He smiled at her back, his heart expanding with his love for her. “Blackmailing me again?”
The flat blade of the scraper skimmed a seam of drywall and she chuckled. “Damn right. I want this wall in perfect shape by Thanksgiving.”
“What’s the hurry?”
She flashed him some skin as she bent to follow the seam to the edge. “I invited everyone here for dinner.”
Forcing his mind to shift out of its libido-driven stupor, he leaned back against the edge of his desk. “Everyone?”

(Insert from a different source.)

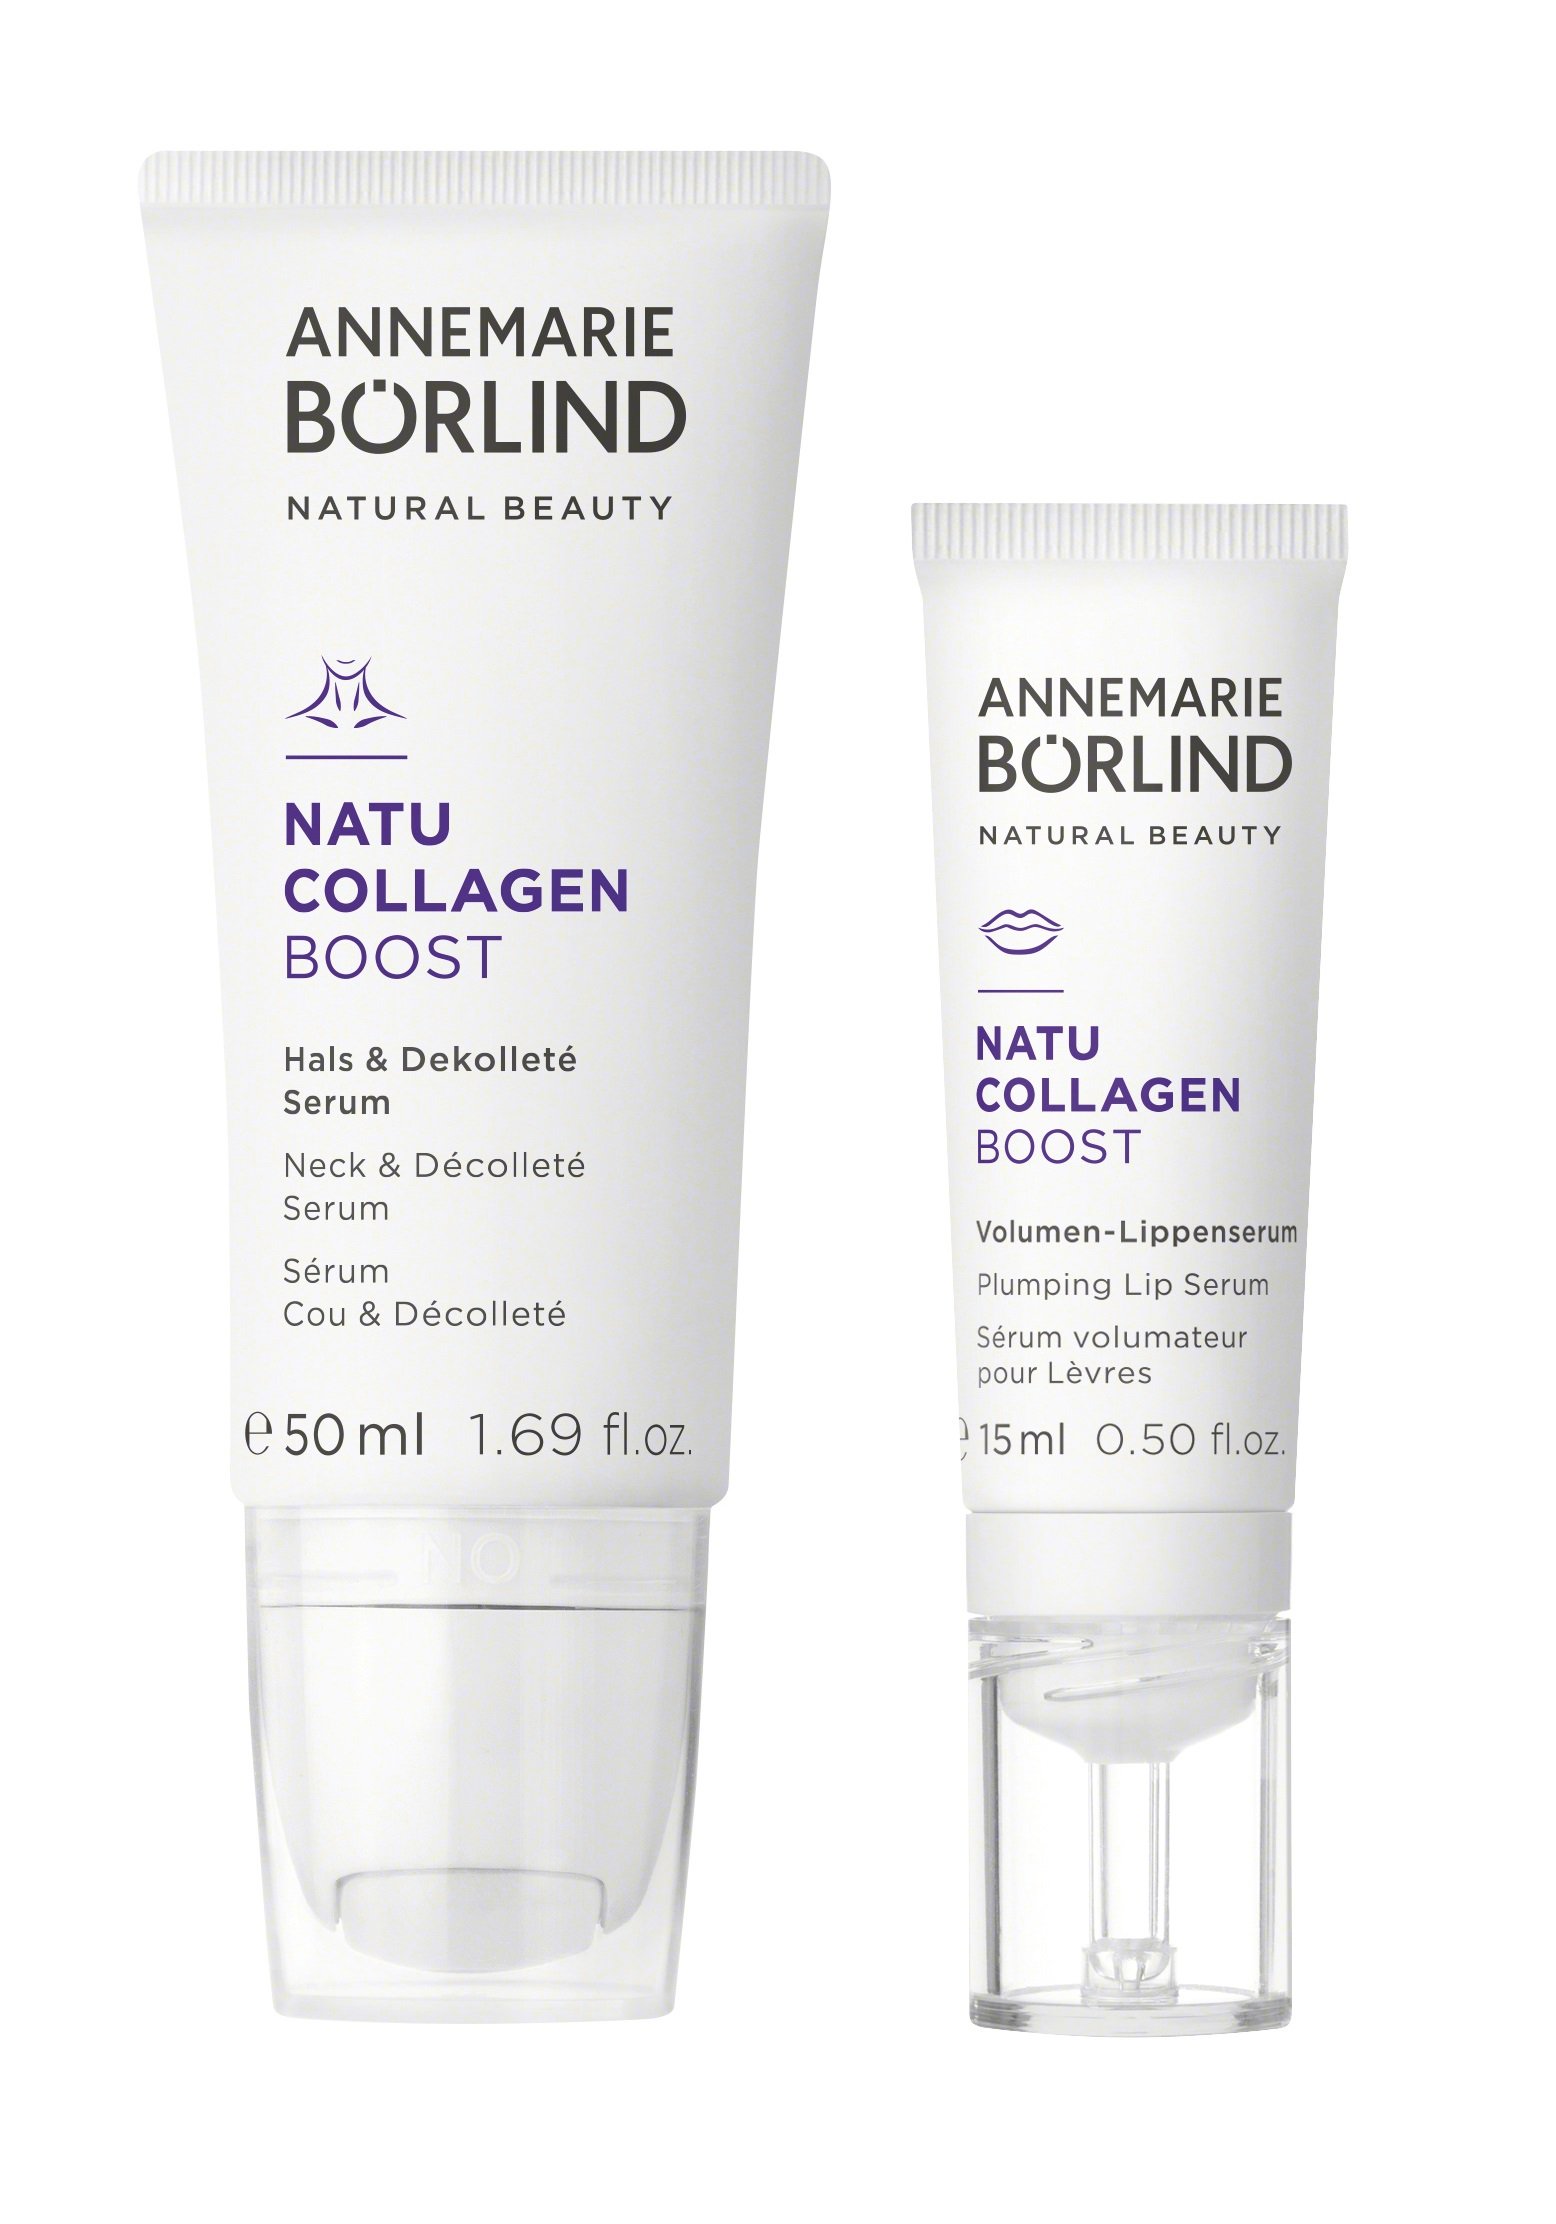 Annemarie Börlind – Natu Collagen Neck & Décolleté Serum 50 ml + Annemarie Börlind – Natu Collagen Plumping Lip Serum 15 ml

She stepped back to survey her work. “My dad, Thad, Ruth and Ella, and, well, I even invited your mom to come up from Nashville.” She snuck a glance at him. Like the ghosts of his yesterdays, the hard edge to her eyes had disappeared. She’d shut the door on her past as firmly as he had. “I hope that’s okay.”
A traditional family Thanksgiving. In his home. With several members of his family. He swallowed the lump in his throat and pushed off the desk. Taking her by the hand, he tossed the blade into the bucket and led her over to the sofa. “Sit.”
“Your house is plenty big enough, and I’ll do all the cooking.” She frowned up at him and crossed her arms over her chest. “I’ve always wanted to cook Thanksgiving for a big family. Please, Michael.”
He chuckled under his breath. She didn’t use the word please often. “Brigit, just sit.”
Letting out a deep sigh, she plunked down on the couch. He sat across from her on the coffee table and leaned his elbows on his knees. “You know what I’ve always wanted?”
“World peace?”
“My own family. A wife, kids, the whole enchilada. I always blamed my job as the reason for not pursuing that dream. Now I know it wasn’t the job keeping me from getting married and having kids.” He paused, waiting for his scar to pinch at the idea he was about to announce, but nothing happened in his chest except the solid beating of his heart. “It was finding the right woman.”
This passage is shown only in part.